October 9, 2008 (permalink)


Overy explores in detail why the United Nations ultimately won the Second World War, and argues that their victory was not in fact inevitable. The first chapters provide a succinct and solid summary of the war, focussing on critical issues on the broad stage and weighing them with care and intelligence. Ovey is especially good in studying the air war, which he argues was far more important in defeating Germany than contemporary historians have generally acknowledged. He is willing, too, to explore the importance of the moral dimension: in the end, Germany’s defeat was good, and that fact helped ensure that Germany would be defeated. Ovey is not blind to Soviet ills, and sensibly explores that necessary alliance and its impact. The chapter on morality starts, peculiarly, by comparing religious attitudes in the combatant countries. Yes, FDR was a believer, and yes, Americans are more openly concerned with religion than most Europeans. These superficial attitudes seem unrelated to actual behavior, much less the outcome of the war.

October 5, 2008 (permalink)


At ReaderCon, I wandered into a masterful lecture by John Clute:

“The Cossacks are Coming!”: Defining the Fantastic by Coherence of Story.
John Clute.

We normally define the fantastic by the presence of non-mimetic content.

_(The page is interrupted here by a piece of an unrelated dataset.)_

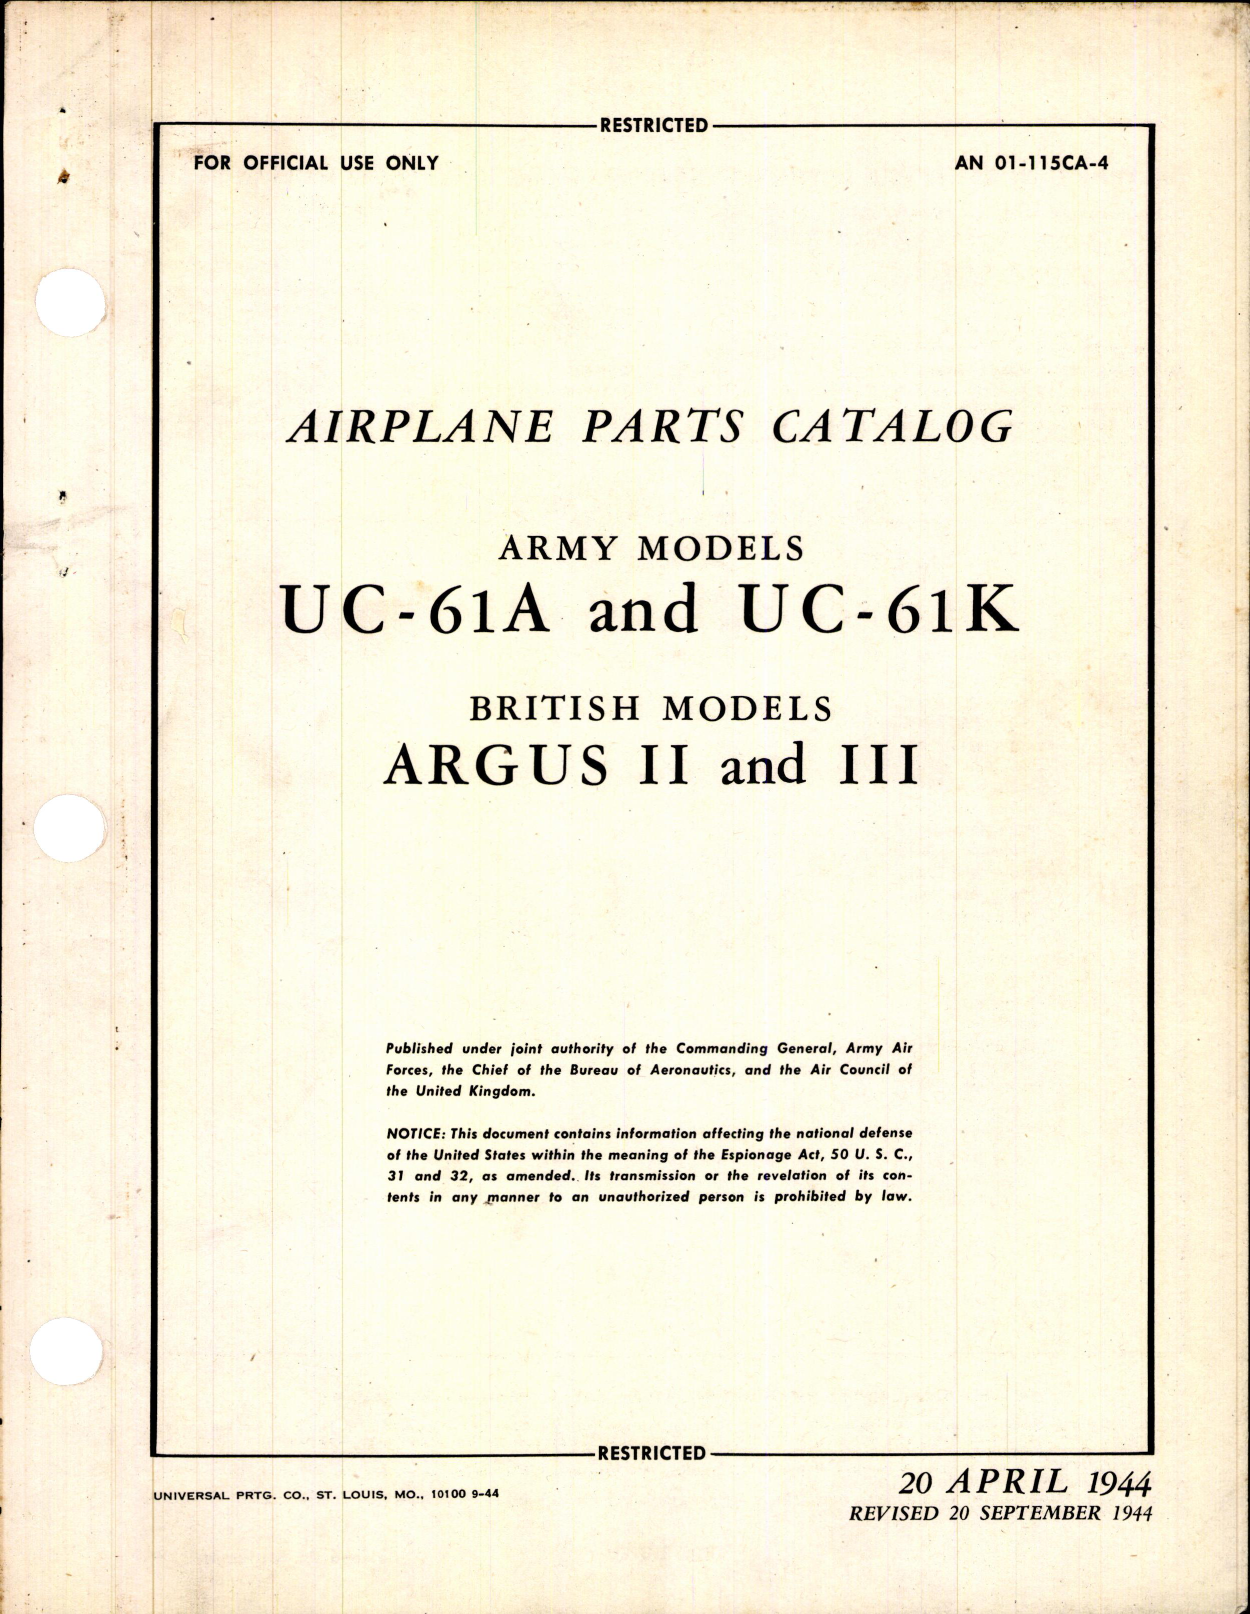 Sample page 1 from AirCorps Library document: Airplane Parts catalog for UC-61A, and UC-61K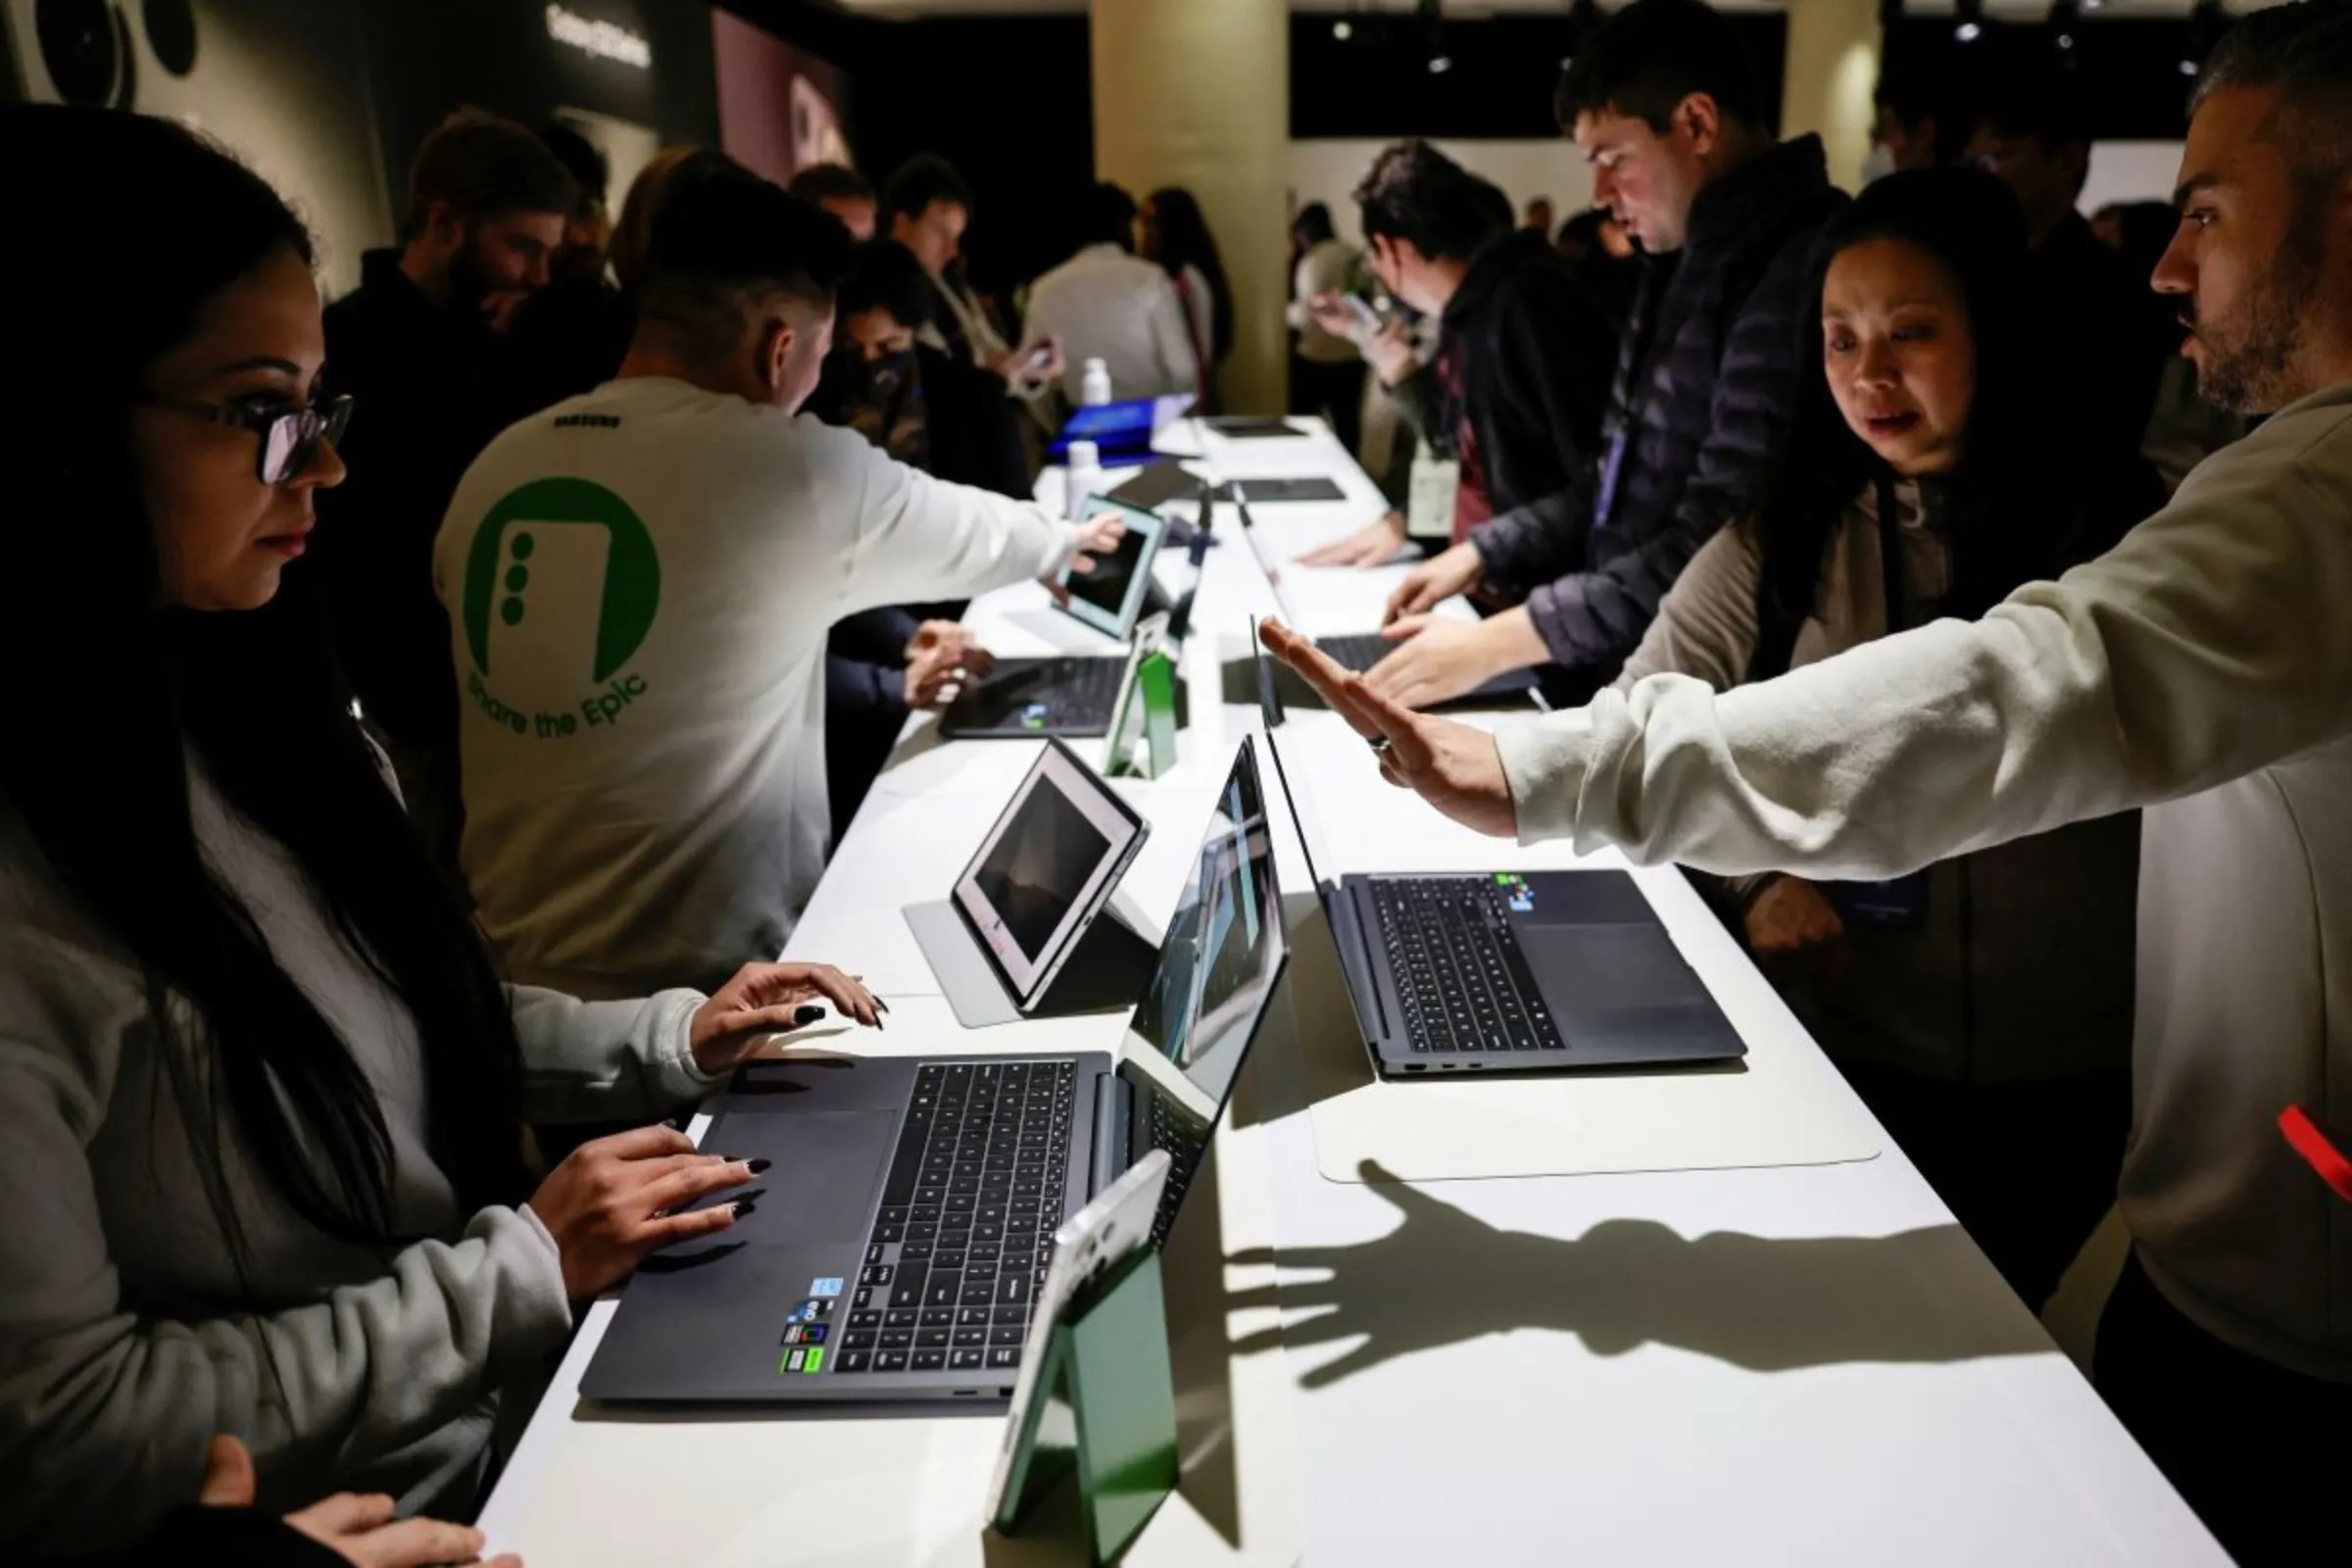 Attendees get their first look at the new Galaxy Book3 series laptops as Samsung Electronics unveils its latest flagship smartphones in San Francisco, California, U.S. February 1, 2023. REUTERS/Peter DaSilva

In this talk, Clute proposes that the “undue coherence” of Story, when wrought past a certain point, becomes inherently fantastical, regardless of content. The talk takes its title from the climaxes of John Buchan’s Greenmantle (1916) and The Lord of the Rings; Clute argues that the shout of the beleaguered heroes of the first tale as their saviors come from the north and fall upon their foes — “The Cossacks! The Cossacks!!” — is not just superficially similar to Gandalf’s cry — “The Eagles are coming!” — but that both cries have the same function, a function inherent to the experience of reading the fantastic. In other words, any story sufficiently advanced to have become entirely visible is indistinguishable from magic.

This is quite wonderful, of course, but so is Buchan’s book — of which I had never heard. Buchan, once a household name, has been forgotten, but here in 1916 we have the roots of the great travel books of the 20's and 30's and the birth of the thriller. Scene after scene seems at once fresh and shockingly familiar: the border crossing into hostile Germany prefigures “Julia”, the arrival at the dark German schloss inhabited by a shabby, untrustworthy servants and a frightening host, prefigures Bond and Indiana Jones and much else. A few false notes are inserted as propaganda, and the horror of the trenches is played down; this was 1916, there were still some fields in Flanders that were not forever England and we wouldn’t want to hurt recruiting. The exotic American sidekick is a hoot, and the Honorable Arbuthnot is everything you could want in a colonial old hand. There’s even a memorable female villain.

September 27, 2008 (permalink)


A fascinating double-feature with Tinker, Tailor, Soldier, Spy (which is to say, with the greatest spy story ever), this fine novel begins in WWII Lisbon with a young and totally inexperienced British math student pressed into service as a novice field operative. Her operation is blown within a week, but not before she falls hopelessly in love with a Nazi double-agent she hardly knows. The ramifications of this week-long affair echo down decades and across continents, all the way to Burgess and Philby and the fall of the Wall. Wilson’s great interest (and affection) for Portugal, where fascism made its last stand, informs a taut and clever book.